──────── DATASET CONTENT

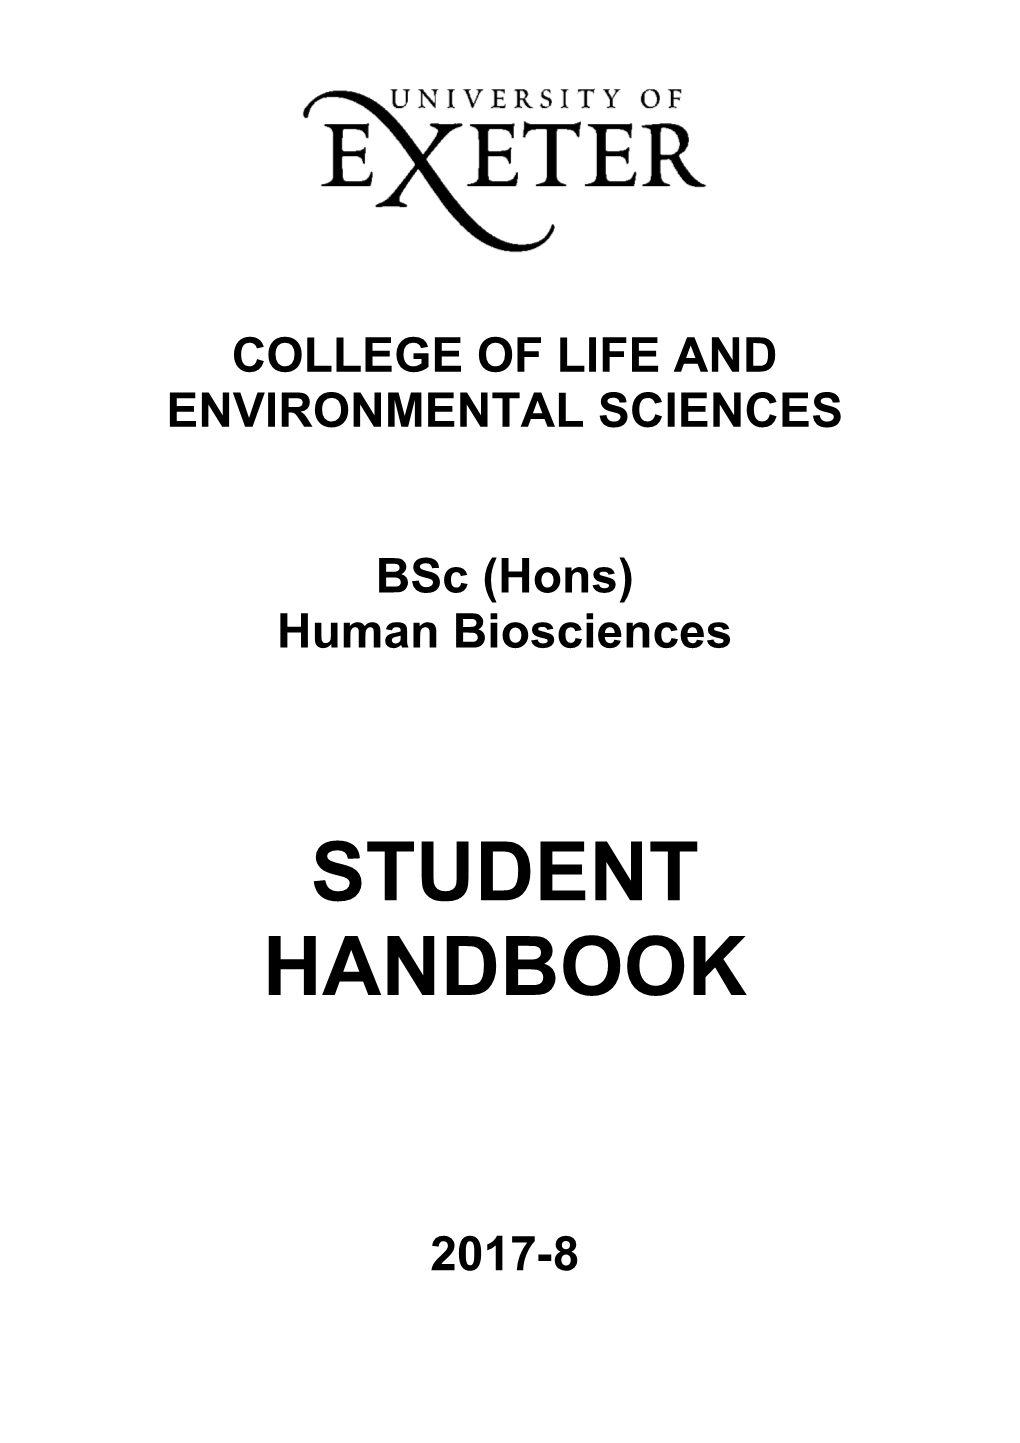 College of Life and Environmental Sciences
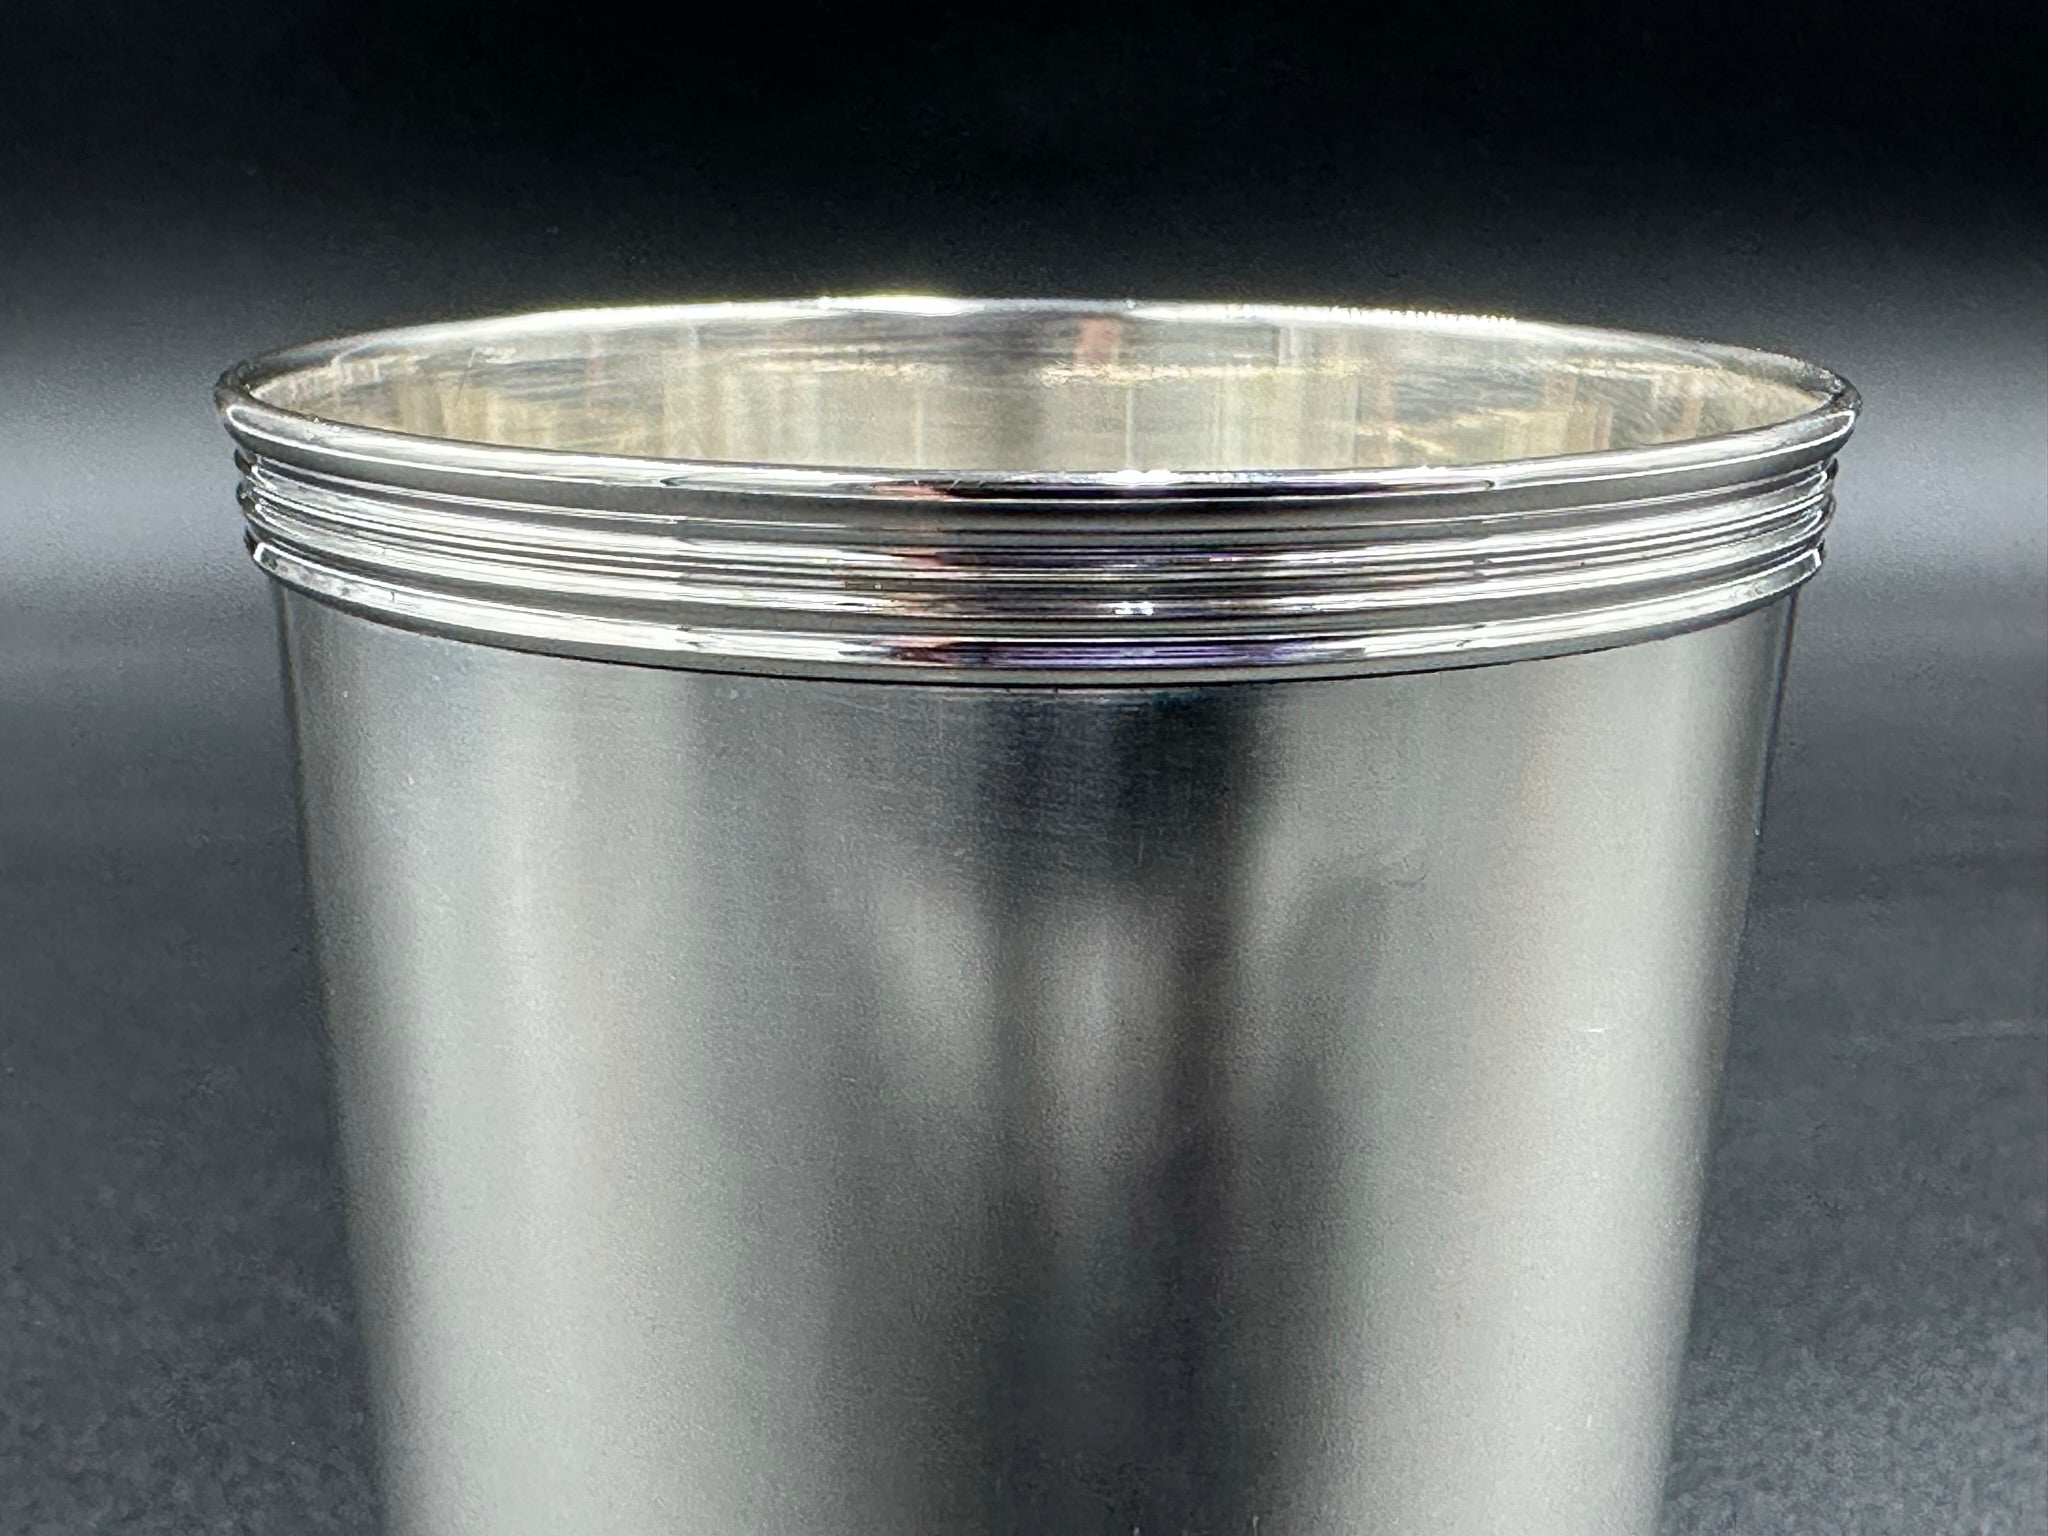 Lot - Three American Sterling Silver Julep Cups 'Jaccard Replica of 1850, Saint  Louis', 1946, H 4 in. (10.2 cm.), Combined 14.5 ozt
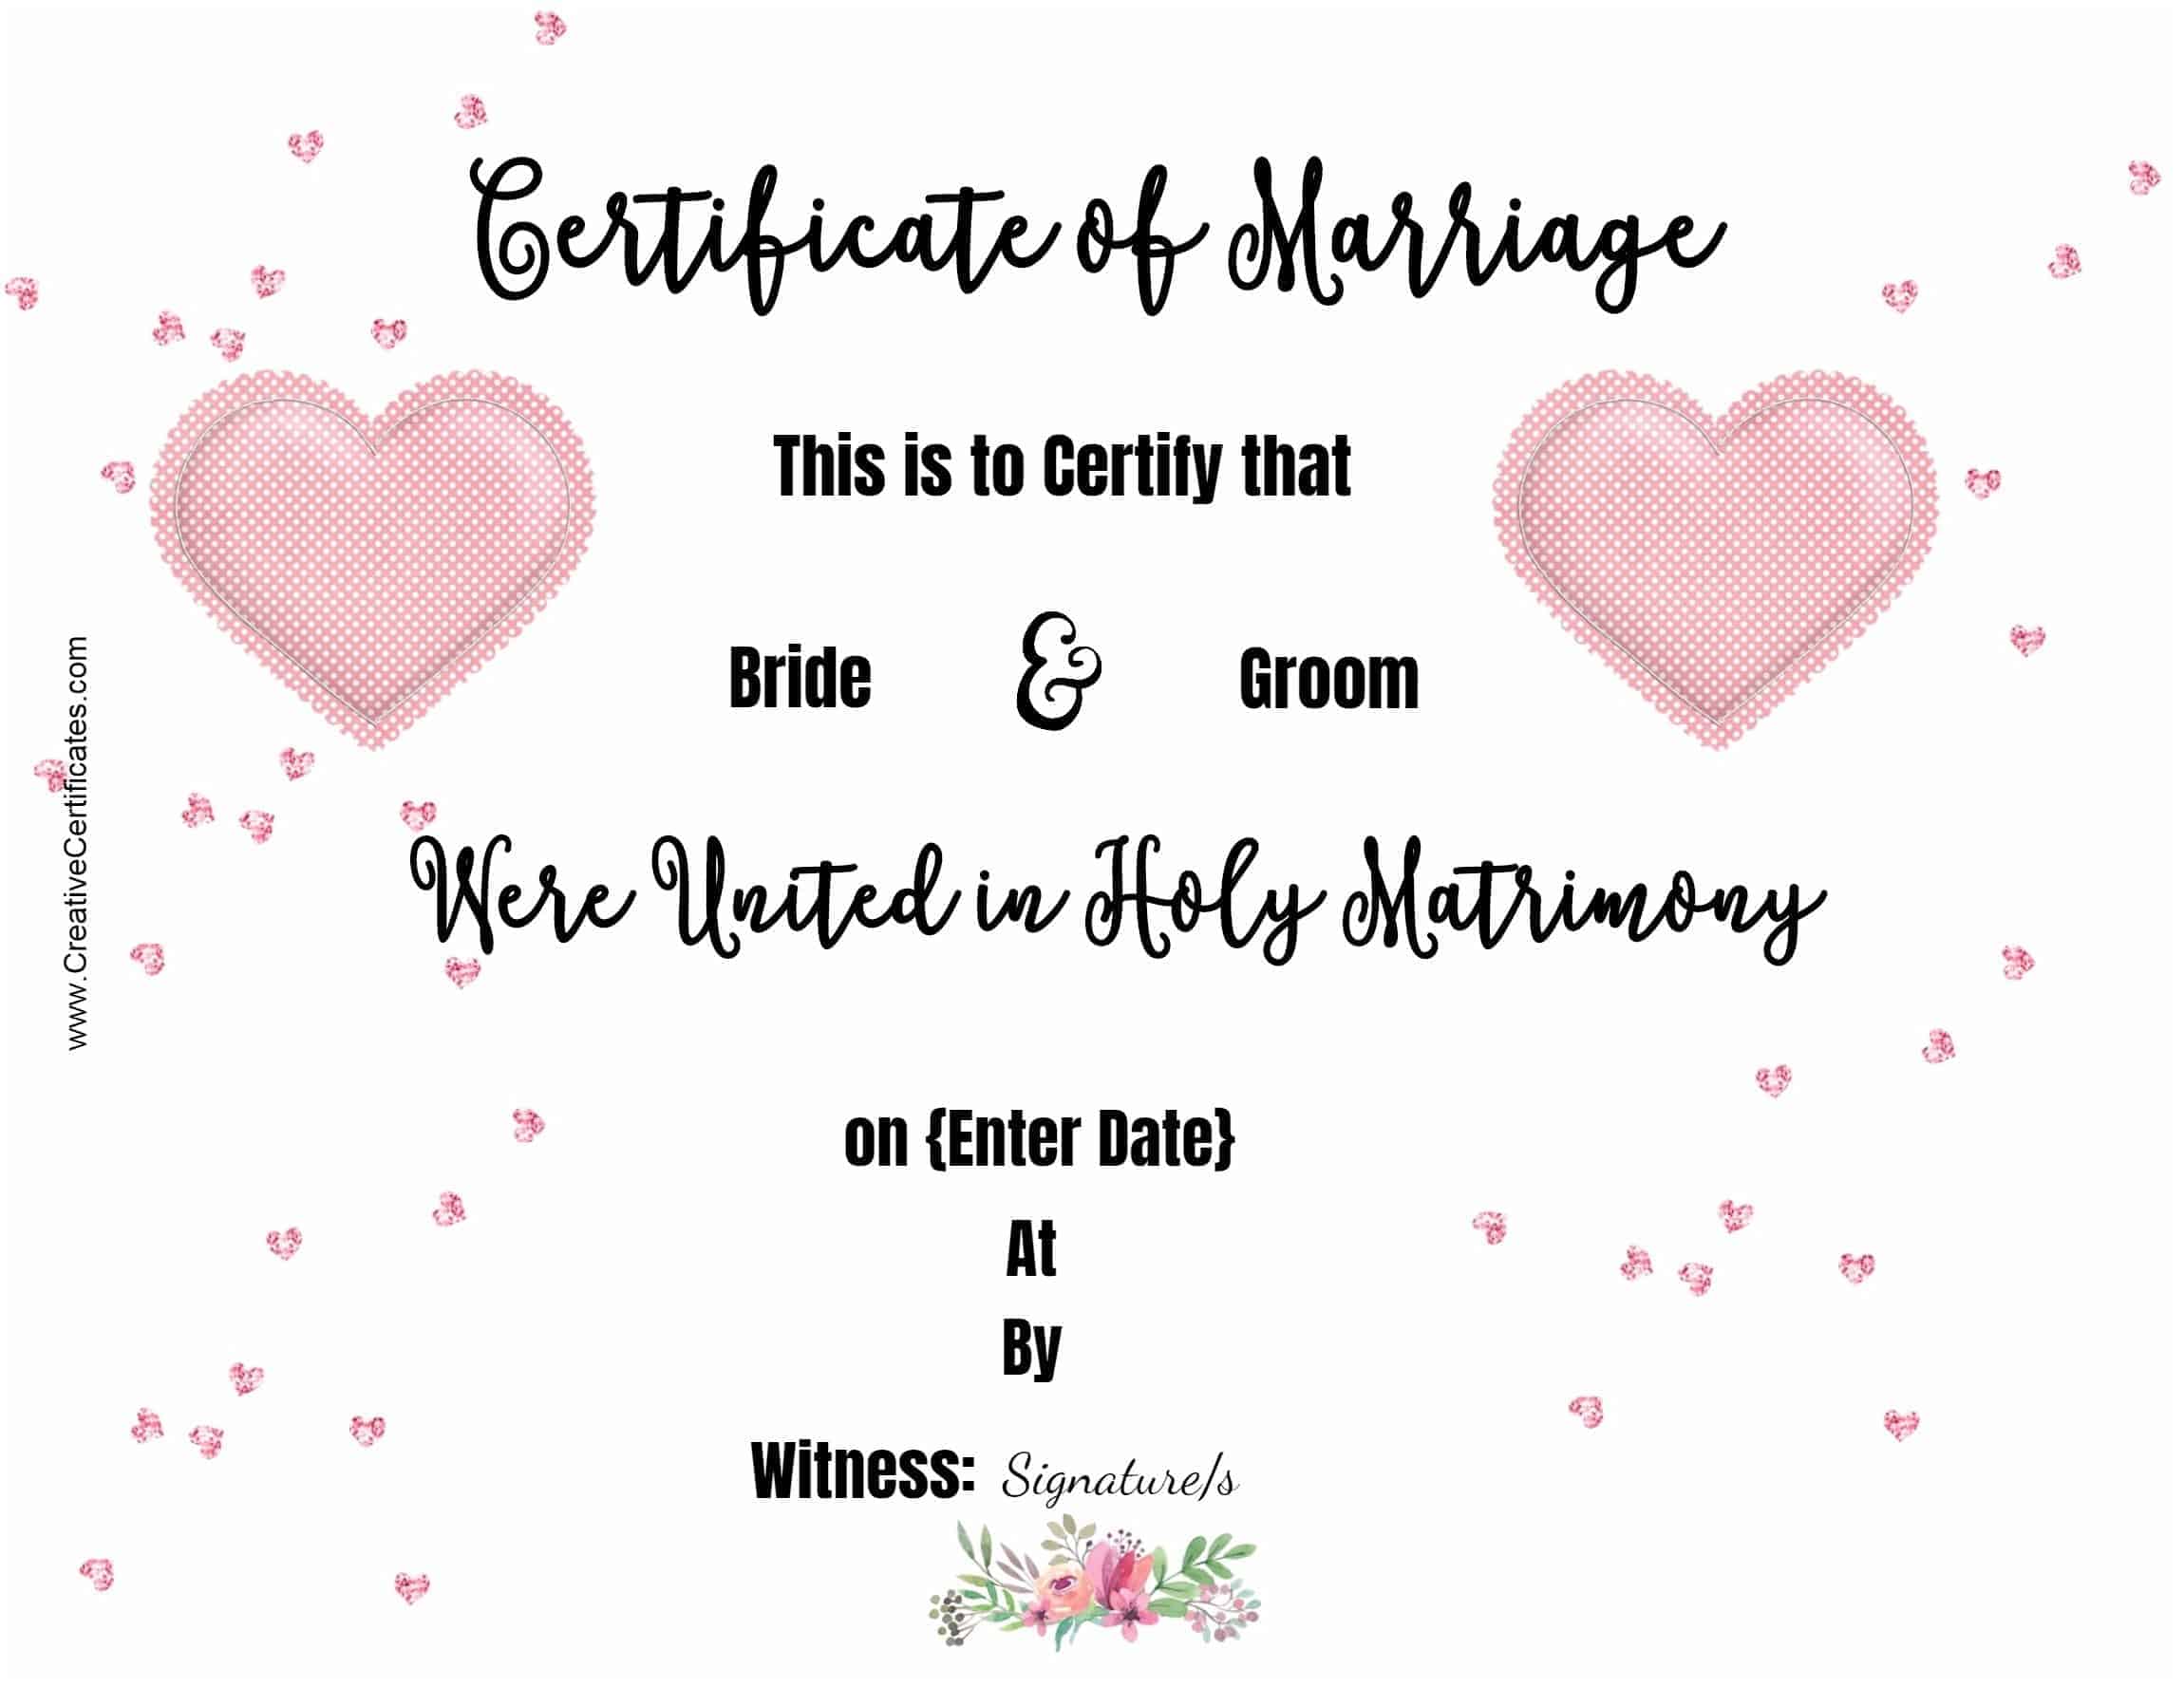 Free Marriage Certificate Template Customize Online then Print

────────────────

[TASK TO CARRY OUT]: The lines wanted run from the one with "Lot - Three" through the final line of the data; repeat them word for word and skip every picture.

[EXERCISE ANSWER]:
 Lot - Three American Sterling Silver Julep Cups 'Jaccard Replica of 1850, Saint  Louis', 1946, H 4 in. (10.2 cm.), Combined 14.5 ozt
 Free Marriage Certificate Template Customize Online then Print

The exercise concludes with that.